Using convolutional neural networks part 1

Strategies for exporting tfrecords from the Google Earth Engine. An example for mapping clouds, cloud shadow, water, ice and land.

The more conventional machine learning algorithms can be found in under ee.Classifier and require point data as input.

Example of point data collection used for a random forest classifier in the Google Earth Engine. See the example in this post.

For Convolutional Neural Networks we need image patches.

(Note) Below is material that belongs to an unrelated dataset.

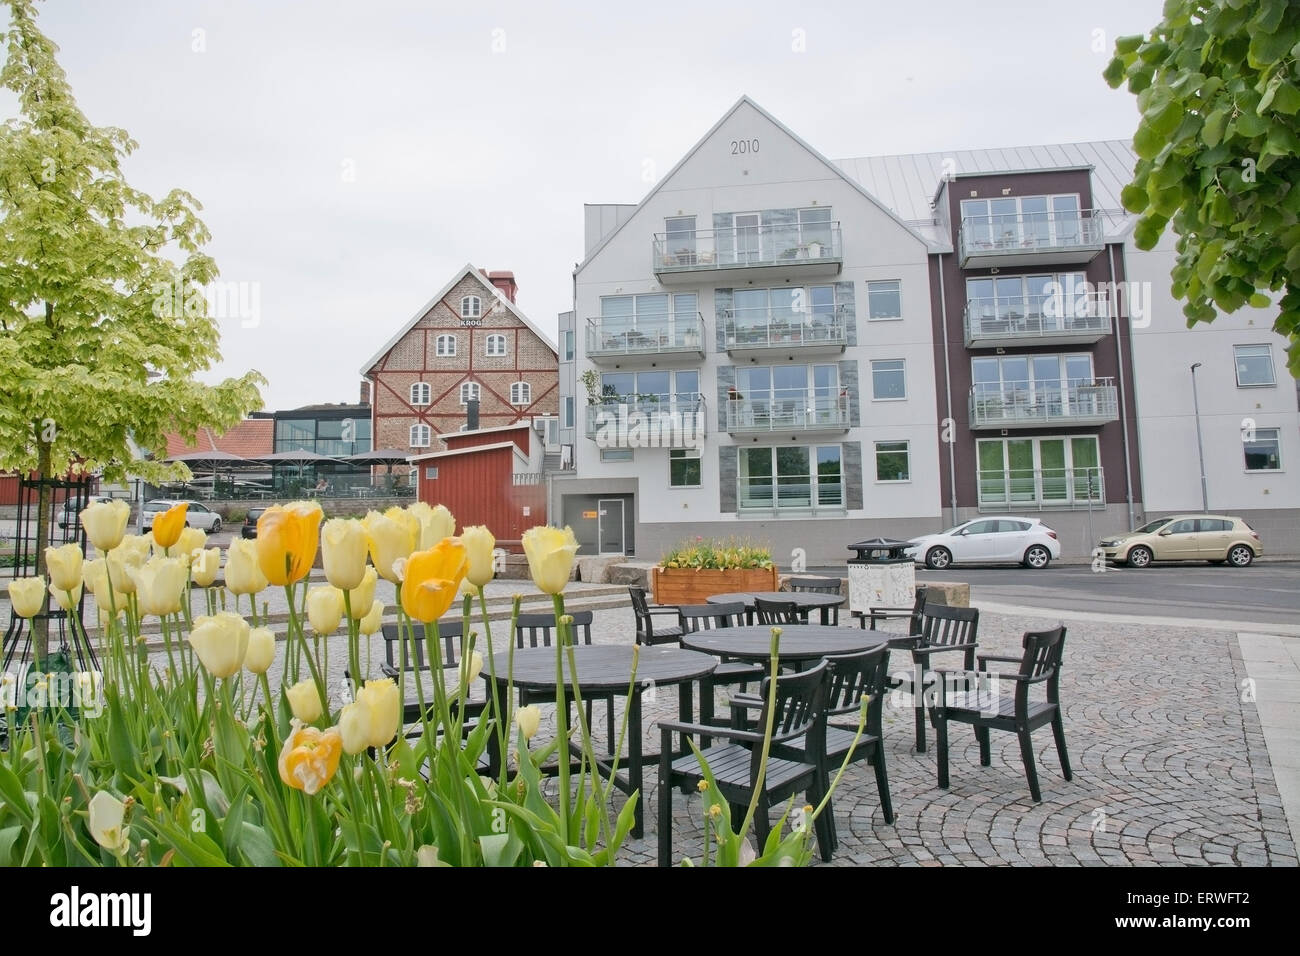 FALKENBERG, Schweden - 6. Juni 2015: Moderne Wohngebäude mit Tulpen im Zentrum der Stadt am 6. Juni 2015 in Falkenberg, Schweden Stockfoto

The image patch should contain the image and the labels.

The landsat image and the labels for clouds, shadow and water.

We used the SPARCS dataset as an example here. The data can be found on the website below.

Use the code below to import the data in the Google Earth Engine or click here

/*Copyright (c) 2021 SERVIR-Mekong
  
Permission is hereby granted, free of charge, to any person obtaining a copy
of the data and associated documentation files, to deal in the data
without restriction, including without limitation the rights to use, copy, modify,
merge, publish, distribute, sublicense, and/or sell copies, and to permit persons
to whom the data is furnished to do so, subject to the following conditions:
  
The above copyright notice and this permission notice shall be included in all
copies or substantial portions of the Software.
  
THE DATA IS PROVIDED "AS IS", WITHOUT WARRANTY OF ANY KIND, EXPRESS OR
IMPLIED, INCLUDING BUT NOT LIMITED TO THE WARRANTIES OF MERCHANTABILITY,
FITNESS FOR A PARTICULAR PURPOSE AND NONINFRINGEMENT. IN NO EVENT SHALL THE
AUTHORS OR COPYRIGHT HOLDERS BE LIABLE FOR ANY CLAIM, DAMAGES OR OTHER
LIABILITY, WHETHER IN AN ACTION OF CONTRACT, TORT OR OTHERWISE, ARISING FROM,
OUT OF OR IN CONNECTION WITH THE SOFTWARE OR THE USE OR OTHER DEALINGS IN THE
SOFTWARE.*/

var sparcs = ee.ImageCollection('projects/gmap/datasets/manual_qaMasks/sparcs_masks');

var sparcIm = ee.Image(sparcs.toList(100).get(1));

var l8 = ee.ImageCollection("LANDSAT/LC08/C01/T1_RT_TOA").filterBounds(sparcIm.geometry());
var l8Image = l8.filterDate(sparcIm.date().advance(-6,'second'),sparcIm.date().advance(6,'second'));

var img = ee.Image(l8Image.first()).select(['B1','B2', 'B3', 'B4', 'B5', 'B6', 'B7','B8','B9']);

Map.centerObject(img);
Map.addLayer(ee.Image(img).clip(sparcIm.geometry()),{min:0,max:0.3000,bands:"B4,B3,B2"},"landsat");

Map.addLayer(sparcs.select("b1"),{min:0,max:1},'sparc clouds');
Map.addLayer(sparcs.select("b2"),{min:0,max:1},'sparc shadow');
Map.addLayer(sparcs.select("b3"),{min:0,max:1},'sparc ice ');
Map.addLayer(sparcs.select("b4"),{min:0,max:1},'sparc water');

You will need around a large number of training samples to train a model successfully. We recommend to use at least around 100,000 training sample to train a model. With a limited number of patches you could apply different strategies to increase the number of samples.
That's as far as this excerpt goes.